### Task details
Go through the listing below and write out exactly the lines from the one that mentions "Ethereal-Frost-A-Desolate-Landscape-in-the-Heart-of-Winter" through the one that mentions "Apple iBook G4", minus the pictures.

### Task data
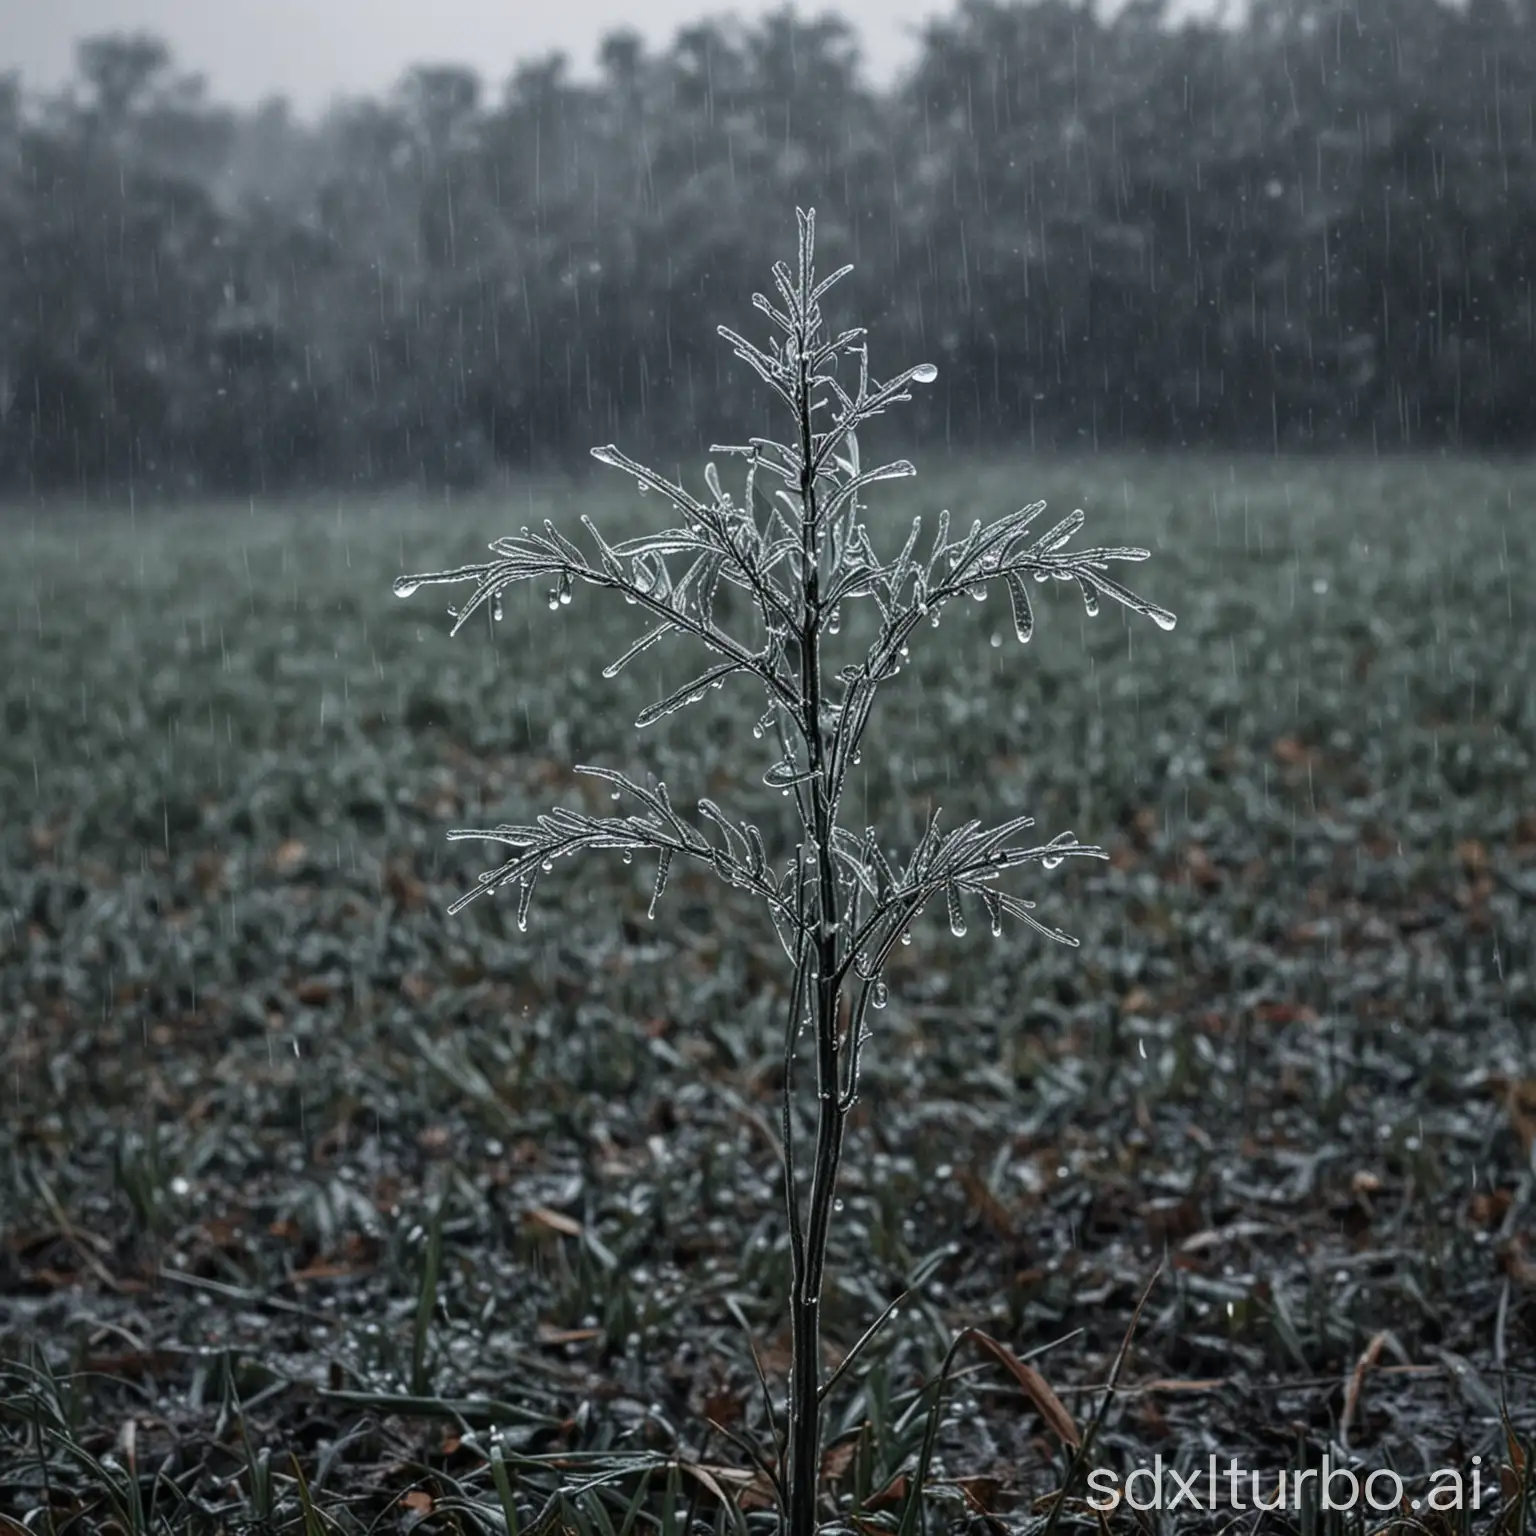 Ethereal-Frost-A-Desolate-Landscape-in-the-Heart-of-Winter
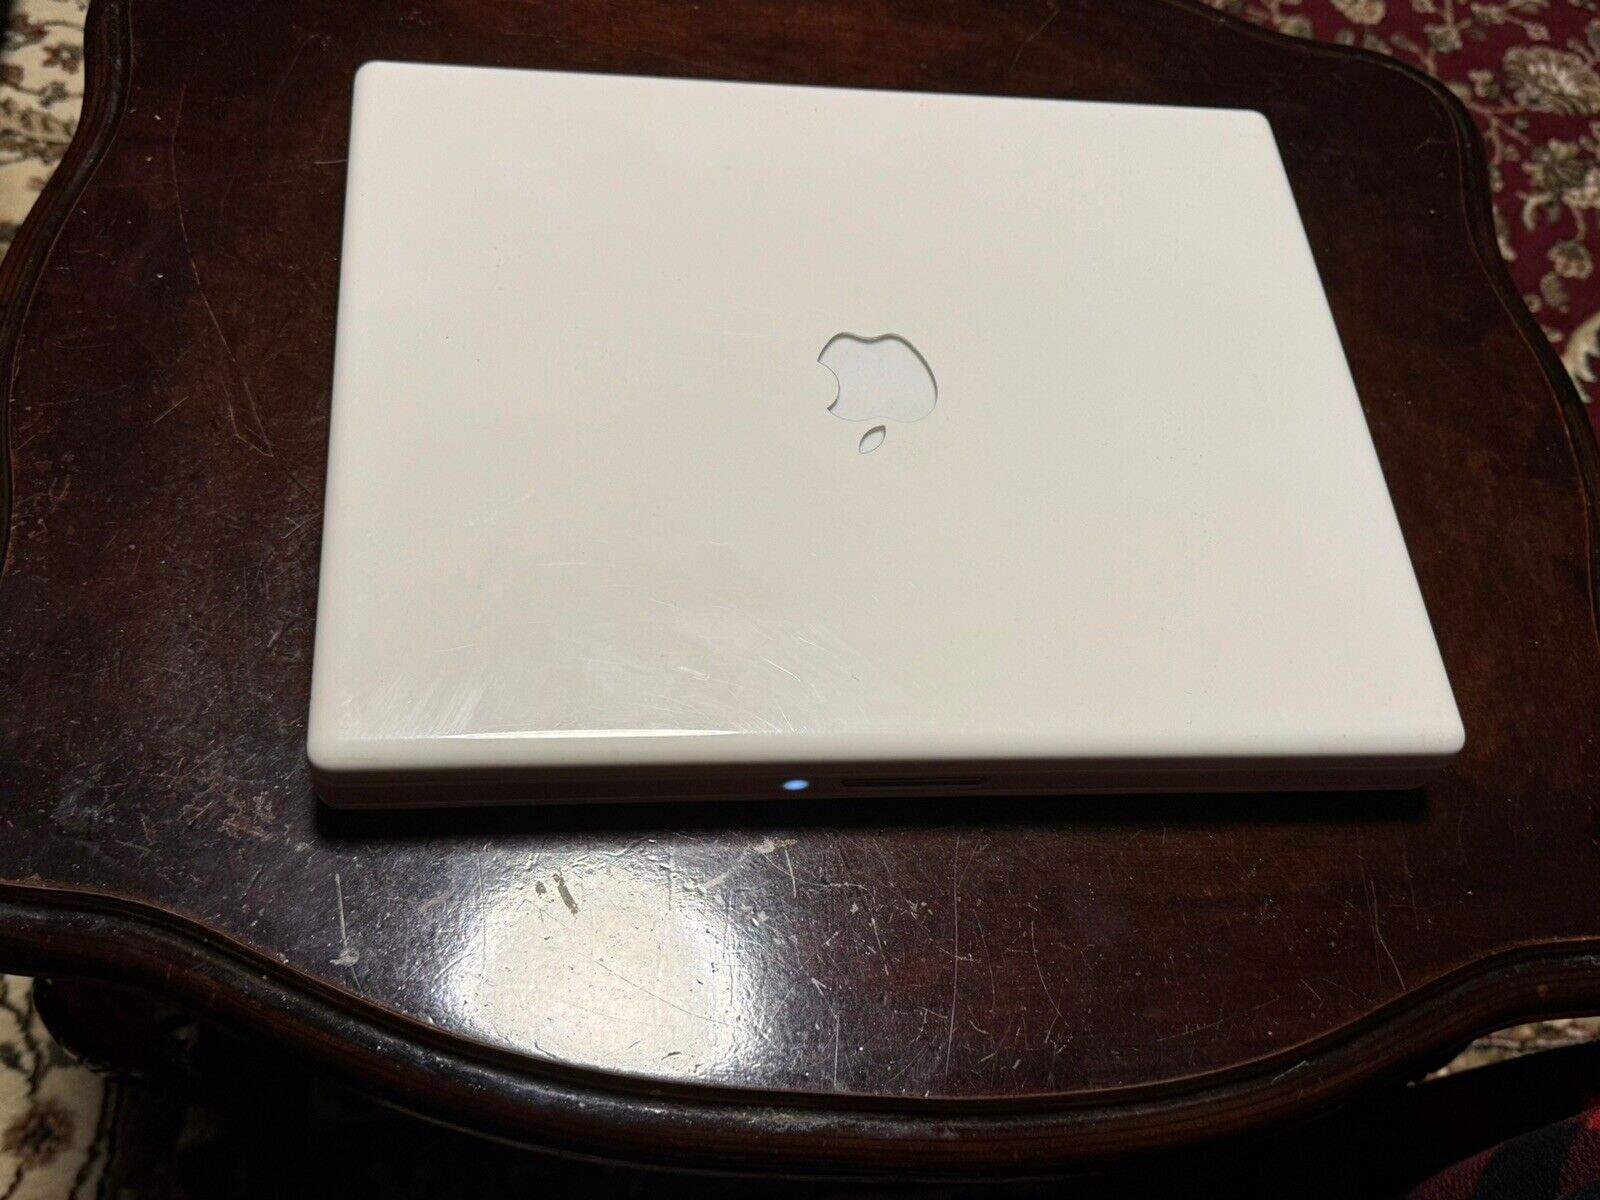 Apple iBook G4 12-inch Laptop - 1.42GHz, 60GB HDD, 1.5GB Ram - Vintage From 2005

==

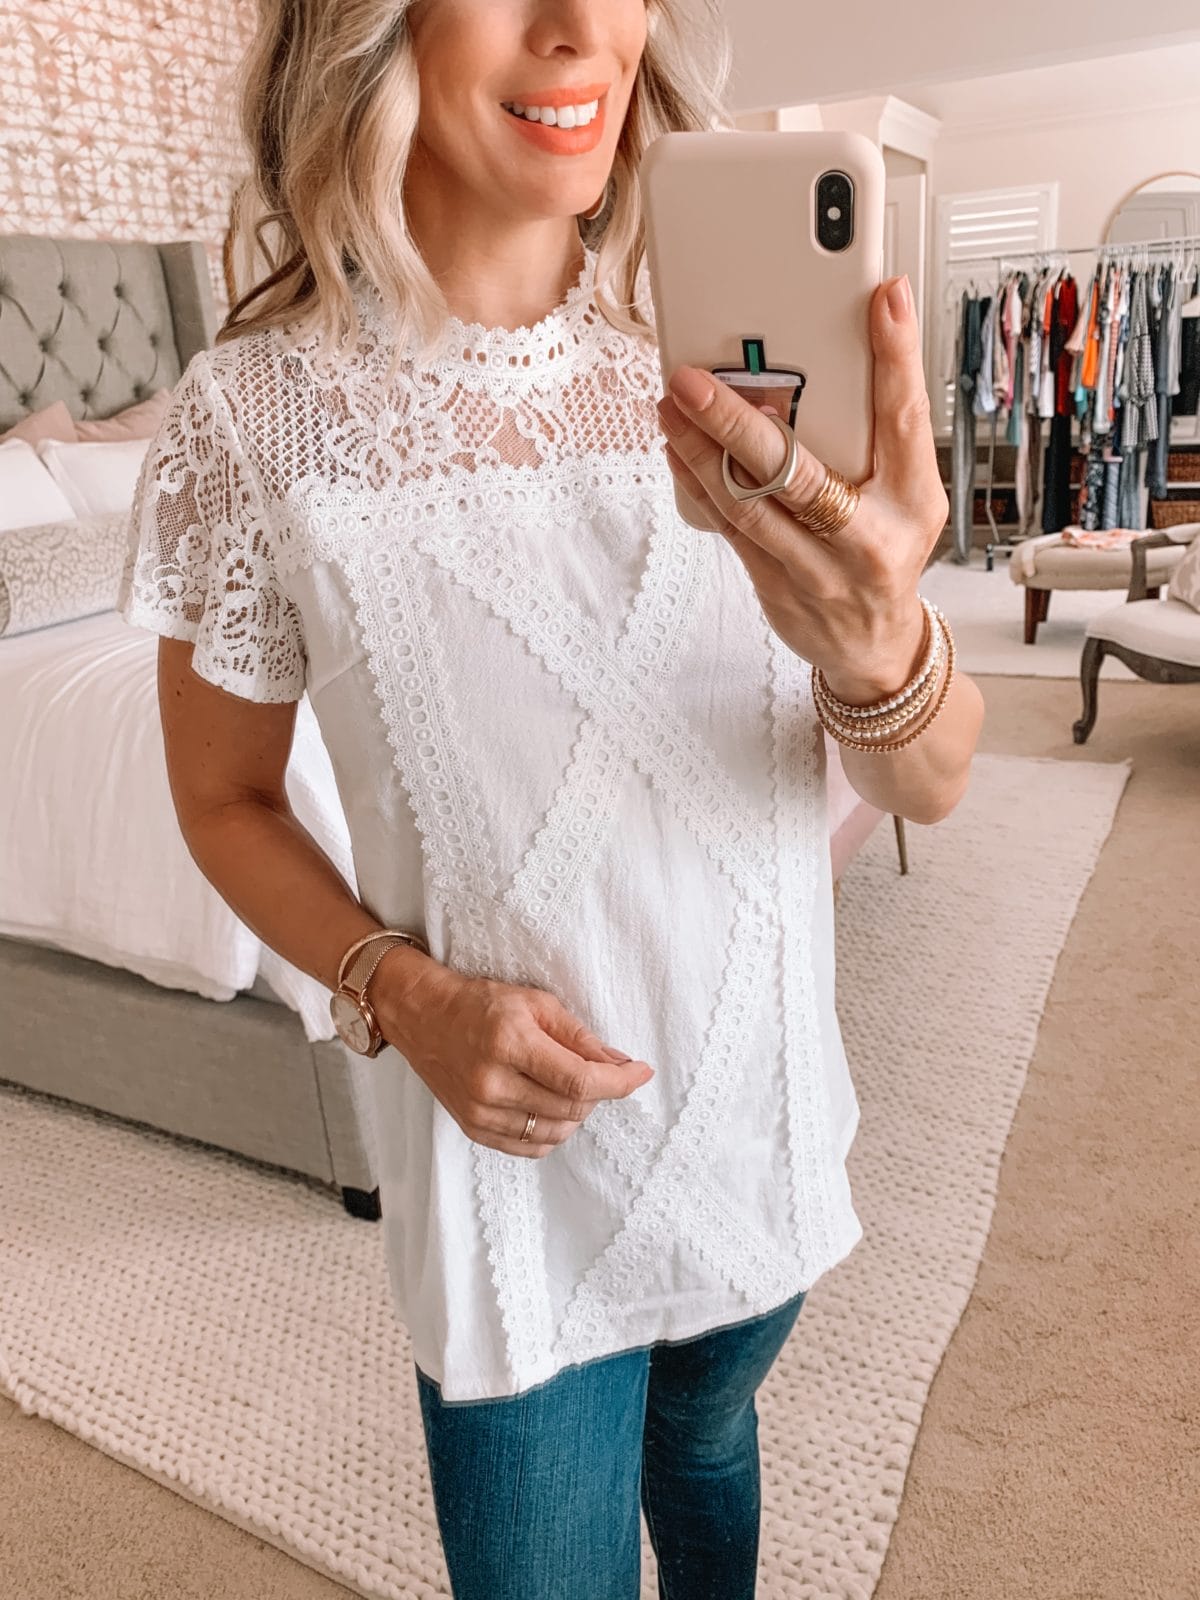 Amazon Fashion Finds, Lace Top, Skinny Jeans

### Reply
 Ethereal-Frost-A-Desolate-Landscape-in-the-Heart-of-Winter
 Apple iBook G4 12-inch Laptop - 1.42GHz, 60GB HDD, 1.5GB Ram - Vintage From 2005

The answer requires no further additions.